Credal Concept Bottleneck Models: Structural Separation of Epistemic and Aleatoric Uncertainty
Tanmoy Mukherjee, Marius Kloft, Pierre Marquis, Zied Bouraoui
TL;DR
This work addresses the challenge of disentangling epistemic uncertainty (EU) from aleatoric uncertainty (AU) in predictive models. It introduces Credal Concept Bottleneck Models (Credal CBMs) that represent uncertainty as ellipsoidal credal sets parameterized in logit space, with EU determined by the credal set size and AU by within-set noise, and enforces structural separation via a frozen encoder and disjoint gradient signals across three heads. A Credal ELBO incorporating a Hausdorff KL regularizer ensures the credal set remains well-behaved while enabling gradient isolation, with theoretical guarantees of gradient separation and decorrelation. Empirically, the method achieves near-zero EU–AU correlation across multiple datasets (CeBaB, GoEmotions, MAQA*, AmbigQA*), improves alignment of EU with prediction error and AU with ground-truth ambiguity, and supports actionable quadrant-based routing for downstream tasks. The approach offers a principled design principle for trustworthy AI, enabling targeted decisions such as data collection, human review, or abstention based on the source of uncertainty, while outlining practical considerations and limitations for deployment.
Abstract
Decomposing predictive uncertainty into epistemic (model ignorance) and aleatoric (data ambiguity) components is central to reliable decision making, yet most methods estimate both from the same predictive distribution. Recent empirical and theoretical results show these estimates are typically strongly correlated, so changes in predictive spread simultaneously affect both components and blur their semantics. We propose a credal-set formulation in which uncertainty is represented as a set of predictive distributions, so that epistemic and aleatoric uncertainty correspond to distinct geometric properties: the size of the set versus the noise within its elements.
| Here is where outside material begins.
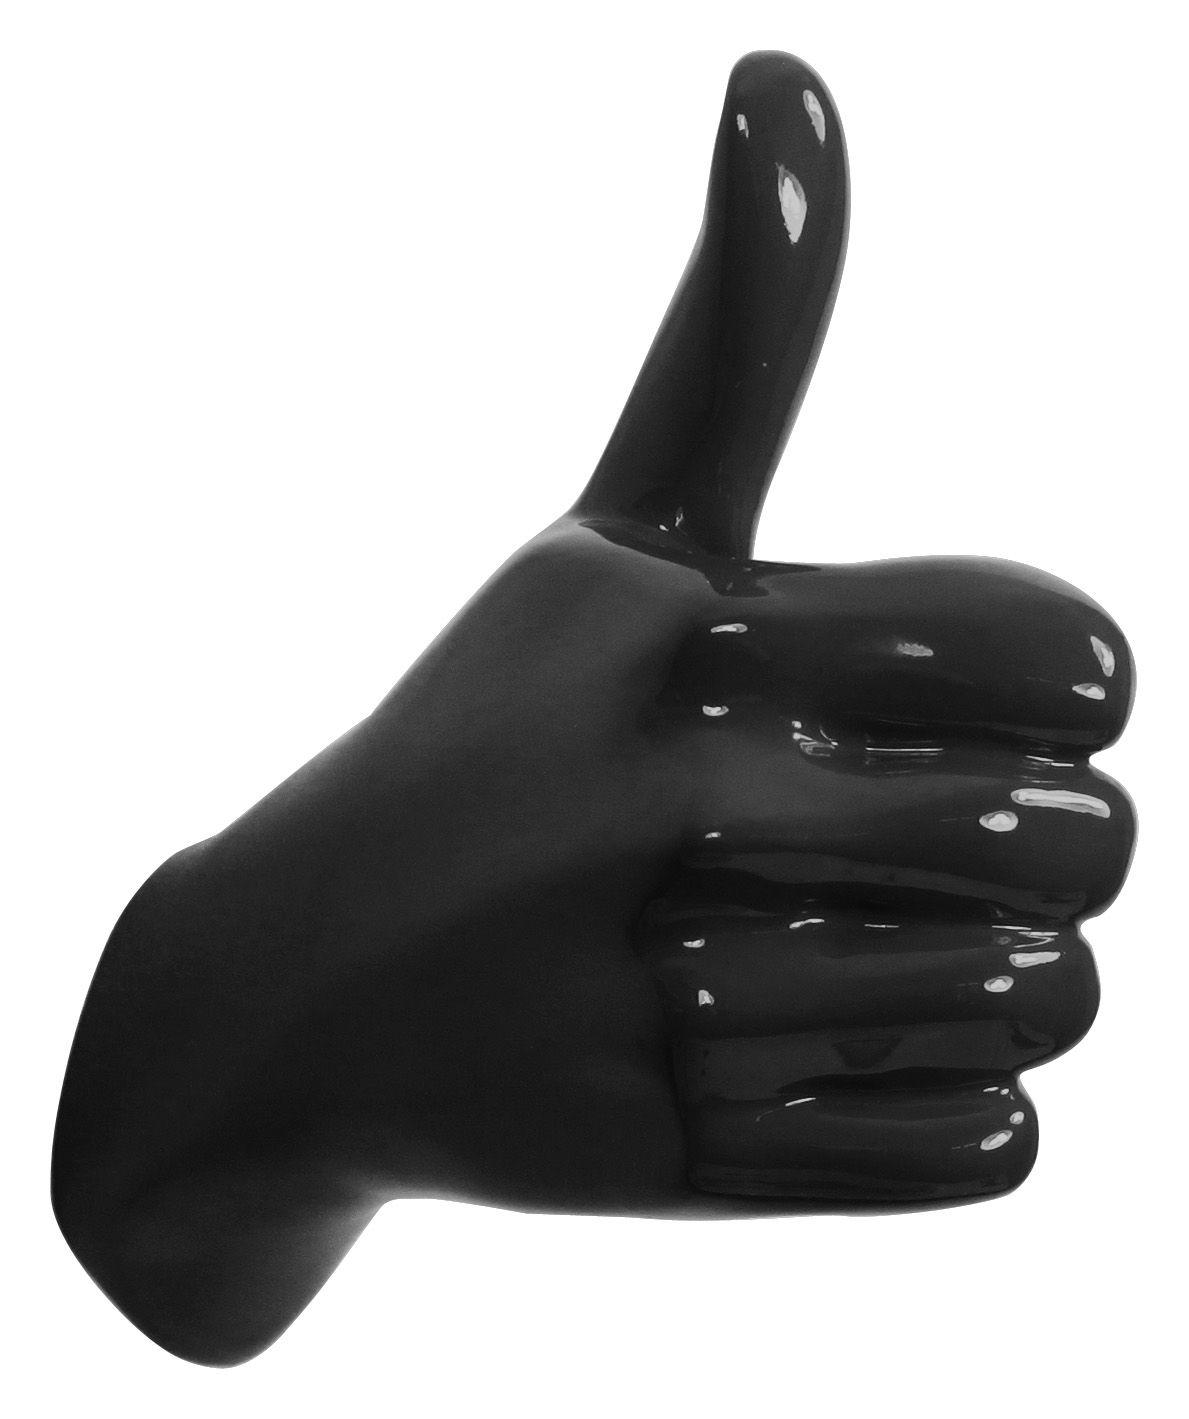 Möbel - Garderoben und Kleiderhaken - Hand Job - Thumbs up Wandhaken - Thelermont Hupton - Schwarz - lackiertes Harz
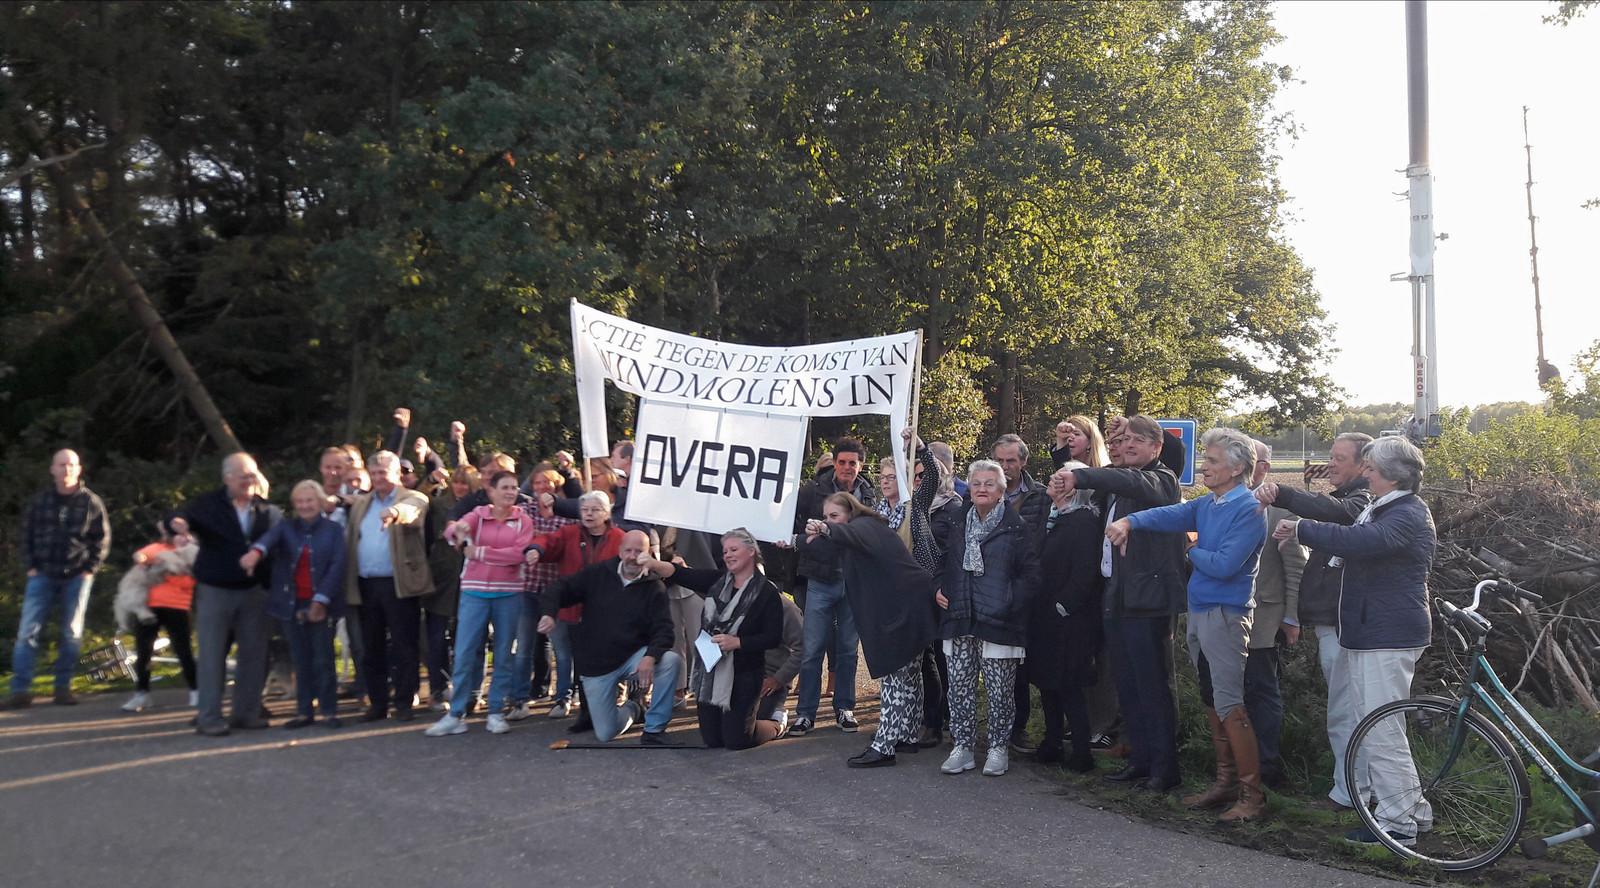 Actie tegen windmolens door bewoners van Overa in Breda, eerder deze week.

We instantiate this idea in a Variational Credal Concept Bottleneck Model with two disjoint uncertainty heads trained by disjoint objectives and non-overlapping gradient paths, yielding separation by construction rather than post hoc decomposition. Across multi-annotator benchmarks, our approach reduces the correlation between epistemic and aleatoric uncertainty by over an order of magnitude compared to standard methods, while improving the alignment of epistemic uncertainty with prediction error and aleatoric uncertainty with ground-truth ambiguity.